Wszystko rozchodzi się o to, że zawodnik musi jeszcze chcieć tu przyjść.

1 polubienie

Można po prostu rzucić 60 mln na stół, co umówmy się jest rozsądną / uczciwą ceną za takiego zawodnika. Ale my nie mamy tyle.

To oczywiste. Ale u nas jest jakiś dodatkowy gen. Mix cwaniactwa połączonego ze skąpstwem. O Lavię 3 tyg się targowaliśmy, żeby zbić 2-3 mln. To budzi wręcz niesmak. (Dodam, że ludzie nadal wieżą, że mieliśmy 110 mln na Caicedo).

2 polubienia

Zubi - Mac - Szobo - ale to będzie chodziło, ciekawe jaki numer będzie miał Hiszpan itd itd. Większość z was dalej się nie nauczyła, że dopóki nie ma oficjalki to nie można nic takiego spekulować? Zaraz sie okaże że jednak Hiszpan nie będzie dla nas, to dopiero zaczniecie narzekać i płakać.

4 polubienia

ale nie ma nic złego w tym że się podniecamy czymś takim. przynajmniej można poczuć jakieś inne emocje oprócz transferowego marazmu

3 polubienia

Martin Zubimendi ma w swojej umowie z Realem Sociedad klauzulę wykupu opiewającą na 60 milionów euro (co równa się 51,5 miliona funtów). Klauzula wykupu polega na rozwiązaniu przez zawodnika kontraktu w przypadku uiszczenia przez niego wcześniej ustalonej opłaty osobiście.

To uporządkowane podejście do pozyskiwania zawodników ukazuje taktyczne planowanie finansowe Liverpoolu, wymagające znacznych płatności z góry. Obsługa takich transakcji ma kluczowe znaczenie dla utrzymania równowagi fiskalnej przy jednoczesnym wzmocnieniu składu.

Dzięki klauzuli wykupu zawiłości finansów stają się oczywiste. Zazwyczaj kluby nie płacą jednorazowo dużych opłat za transfer; często są rozłożone w czasie. Jednakże klauzula wykupu, taka jak klauzula Zubimendiego, wymaga zapłaty całej kwoty w ramach jednej płatności ryczałtowej, co wiąże się ze znacznym zobowiązaniem finansowym. Rodzi to pytania o obecną płynność Liverpoolu i to, czy dysponuje on niezbędnymi funduszami.

„Czy Liverpool ma 51,5 miliona funtów na koncie bankowym, które można wykorzystać w celu ułatwienia transakcji? To możliwe – ich fundusz płac za sezon 23/24 będzie znacząco niższy w porównaniu do poprzednich sezonów."

= Śmierdzi brakiem kasy.

1 polubienie

Czyli na czym w końcu stanęło? Zastanowił się już?
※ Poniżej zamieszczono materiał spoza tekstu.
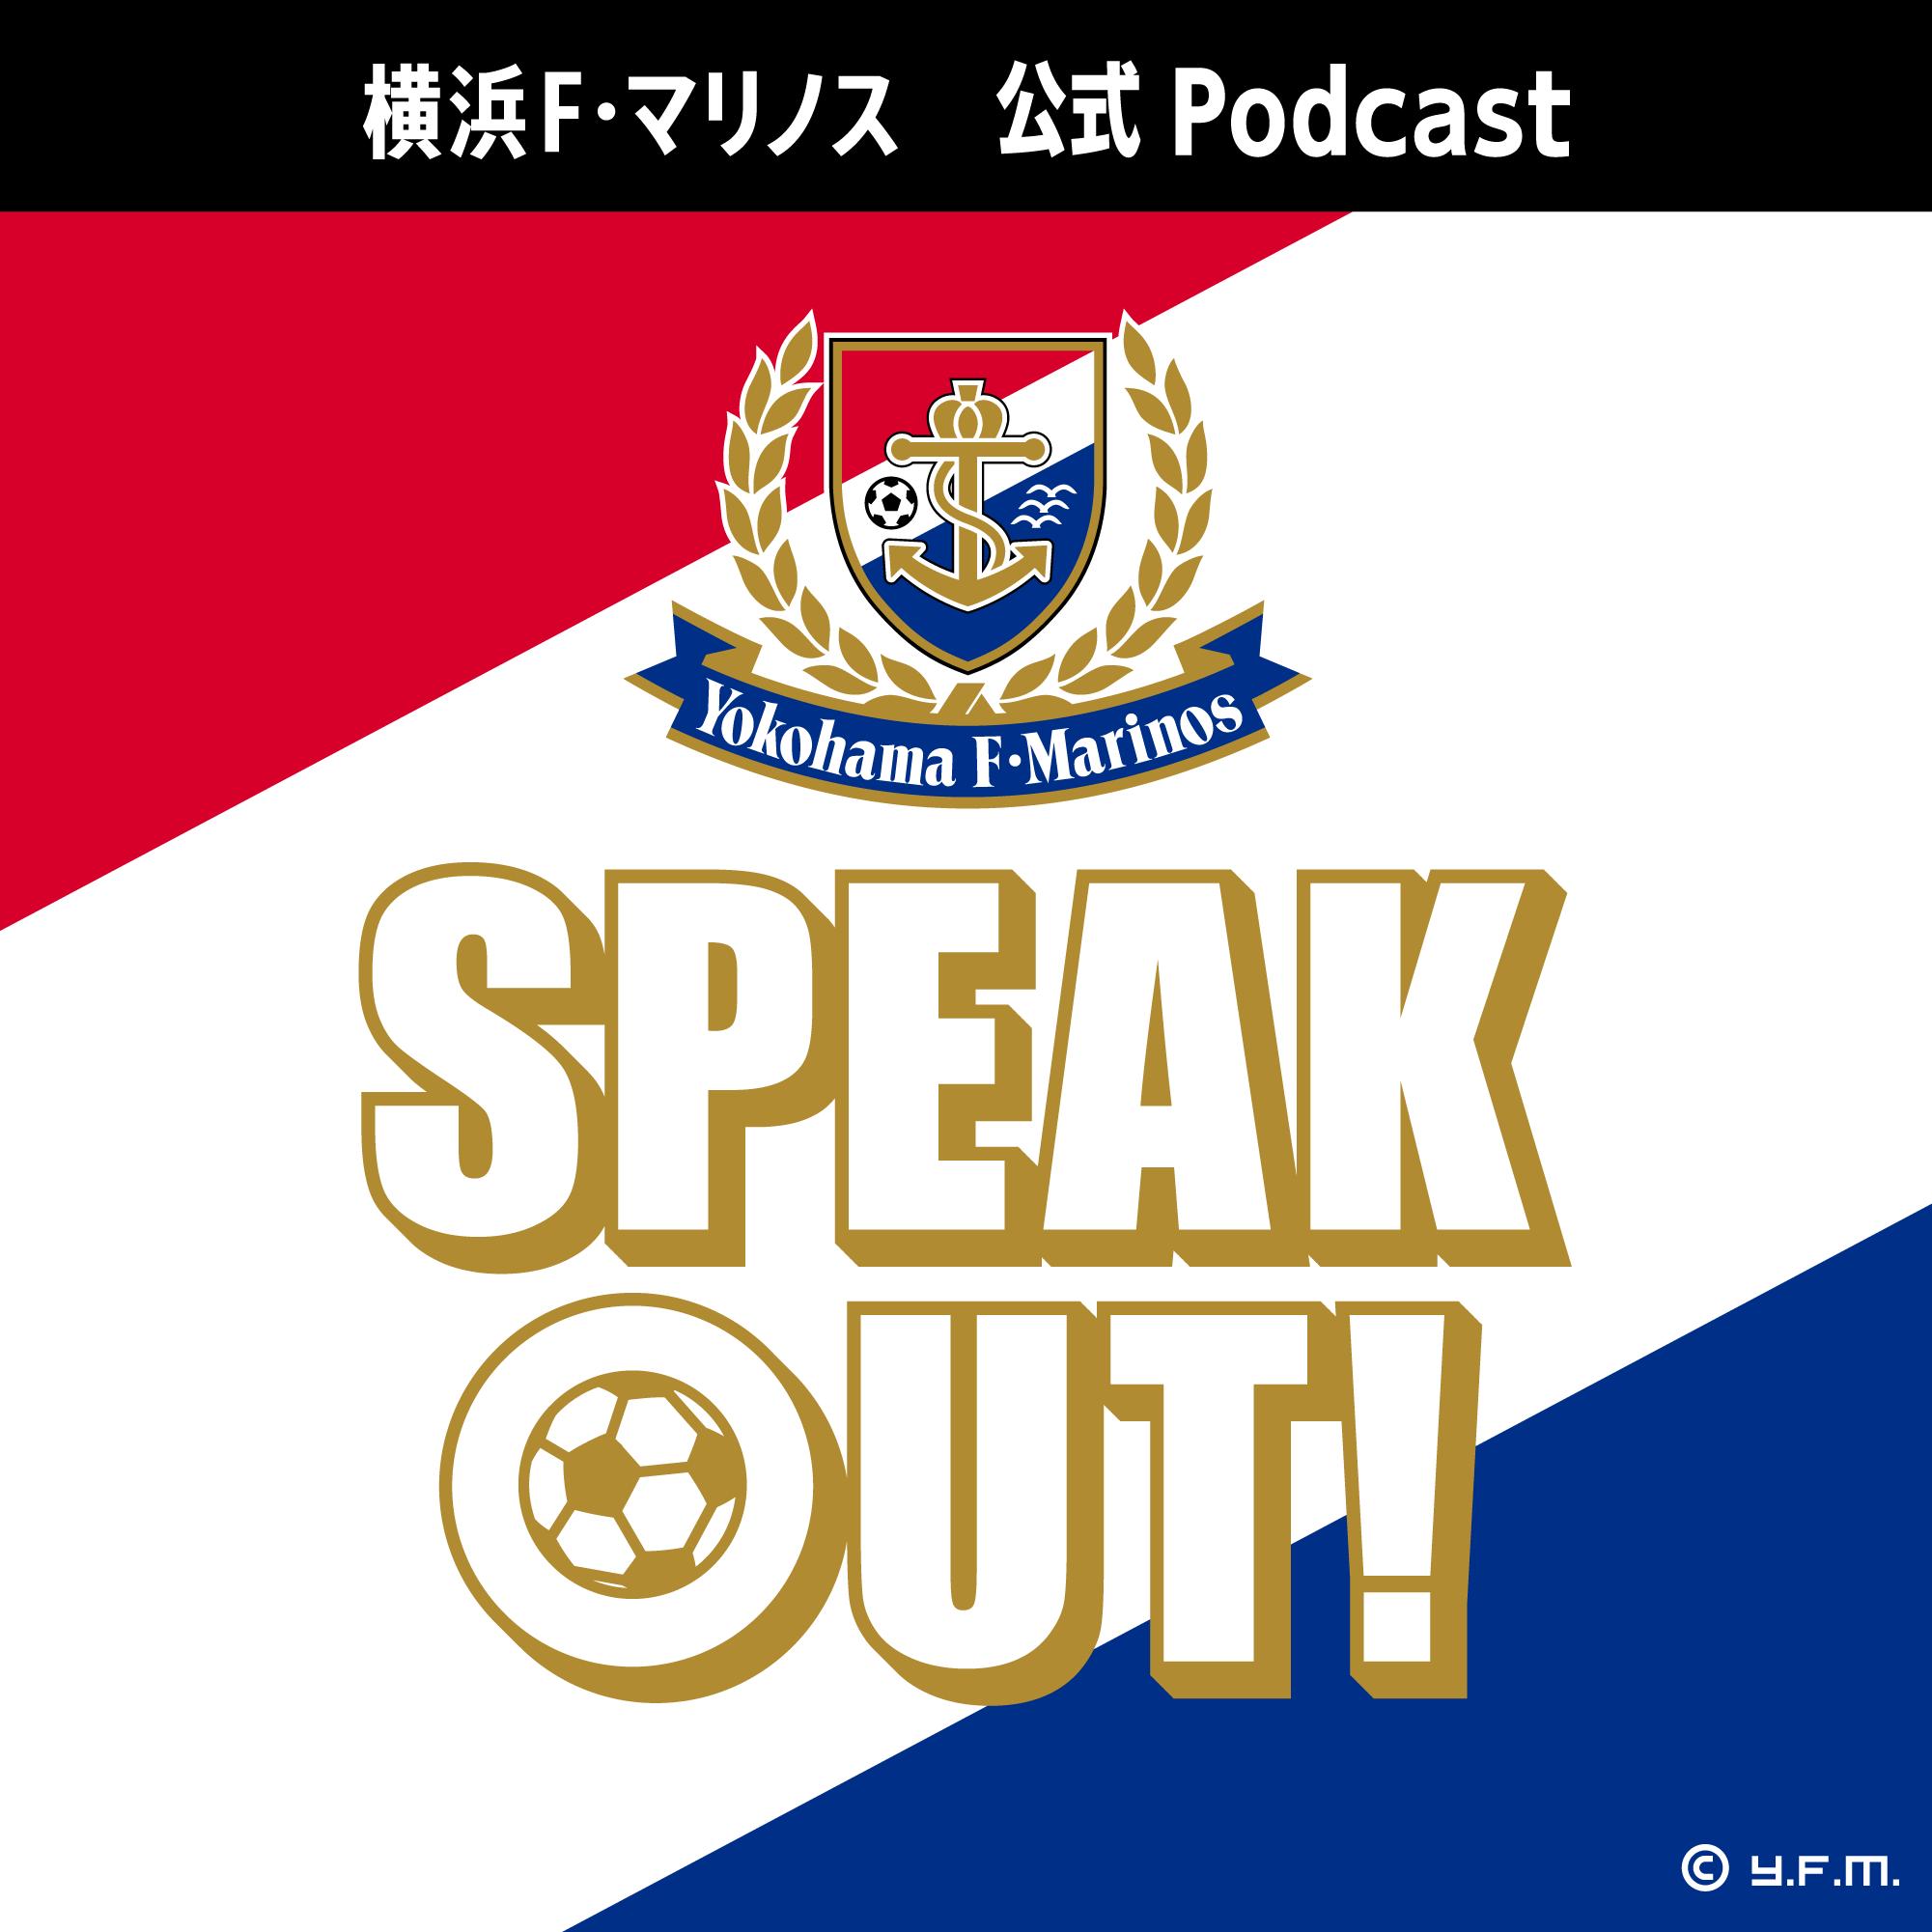 横浜F・マリノス公式Podcast「SPEAK  OUT!」

Pamiętajmy - pieniądze nie są problemem i właśnie dlatego nie możemy wpłacić klauzuli za zawodnika przekonanego do transferu do nas :smiley:

Tak na poważnie to opcje są dwie - albo Zubimendi chce zostać w Sociedad (ale tutaj dziwi mnie dalsze grzanie tego potencjalnego transferu. Stwierdzenie zawodnika, że chce zostać od razu zamknęłoby całą sprawę) Druga opcja to jak zawsze występujący u nas problem z kasą i klub nie chce zgodzić się na jednorazowa opłatę i dziadujemy mimo zidentyfikowania kolejnego “right playera”
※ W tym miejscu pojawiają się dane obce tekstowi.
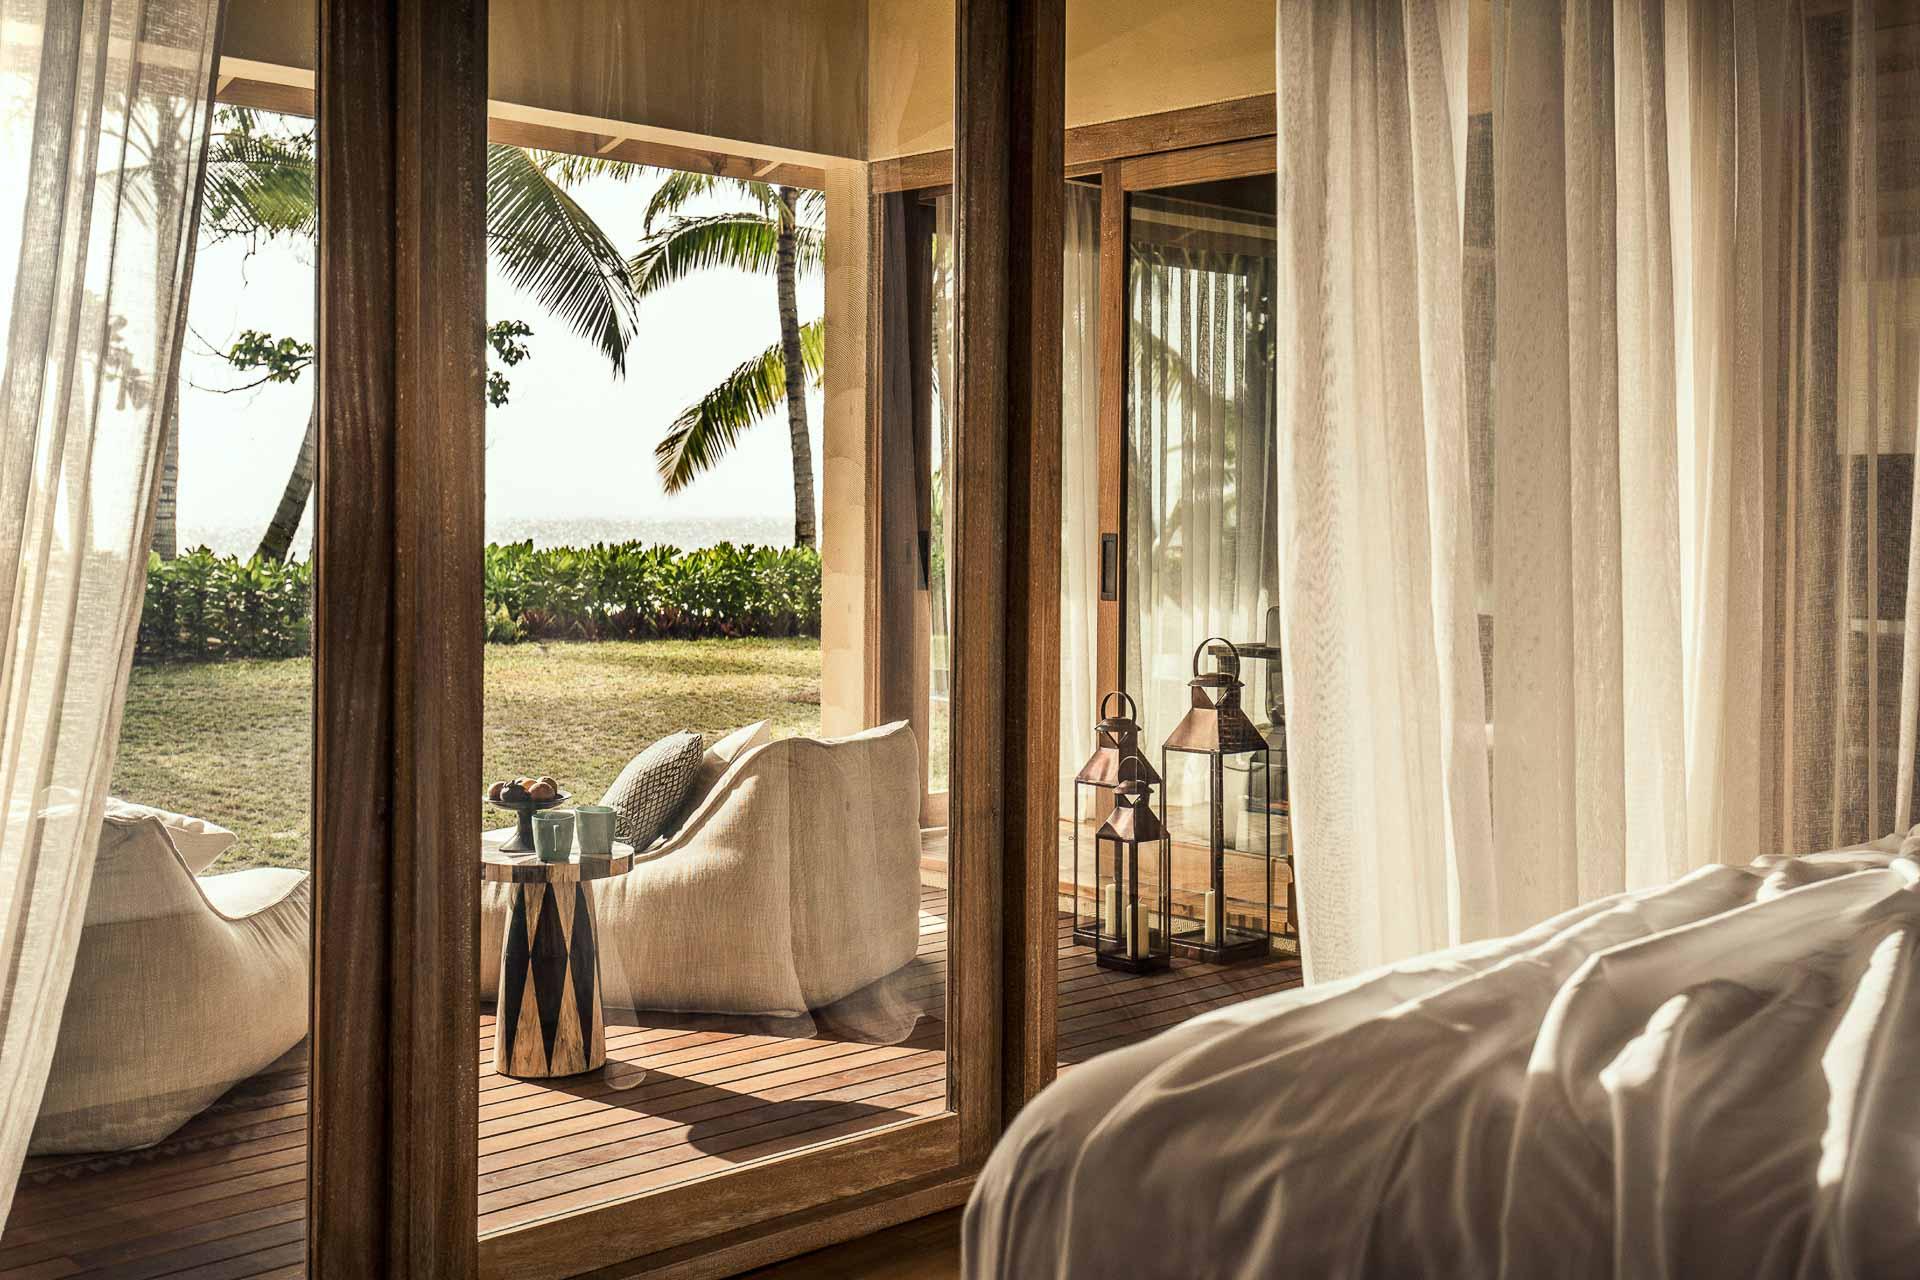 Les chambres, suites et villas affichent une décoration «rustique chic » pour une meilleure intégration avec la nature environnante

Skoro klub go namawia do pozostania, to raczej znaczy, że zawodnik dał zielone światło na transfer.
Nawet jeśli ma wątpliwości, to zupełnie zrozumiałe - to Bask przywiązany do miasta, kultury, San Sebastian to piękne miejsce. Kocha klub. Mieszka tam od urodzenia. Taki ruch to jedna z najważniejszych decyzji w życiu.
Czym go przekonać? Ma już 25 lat, kariera jest jedna, a do Hiszpanii za kilka lat wróci… Liverpool lubi Hiszpanów, grał tu jego idol, pogada sobie z Darwinem i innymi. Raz się żyje, panie Martinie :smiling_face_with_tear:
A jak nie on, to ktoś inny, Endo grać nie będziemy. Wyluzujcie :wink:

2 polubienia

:clap: :clap: :clap:

Nie mówię, że transfer napewno dojdzie do skutku. Ale przezabawne jest to, jak Skorpion sieje panikę najgorszymi możliwymi tierami jak chodzi o transfery a ludzie to łykają jak pelikany.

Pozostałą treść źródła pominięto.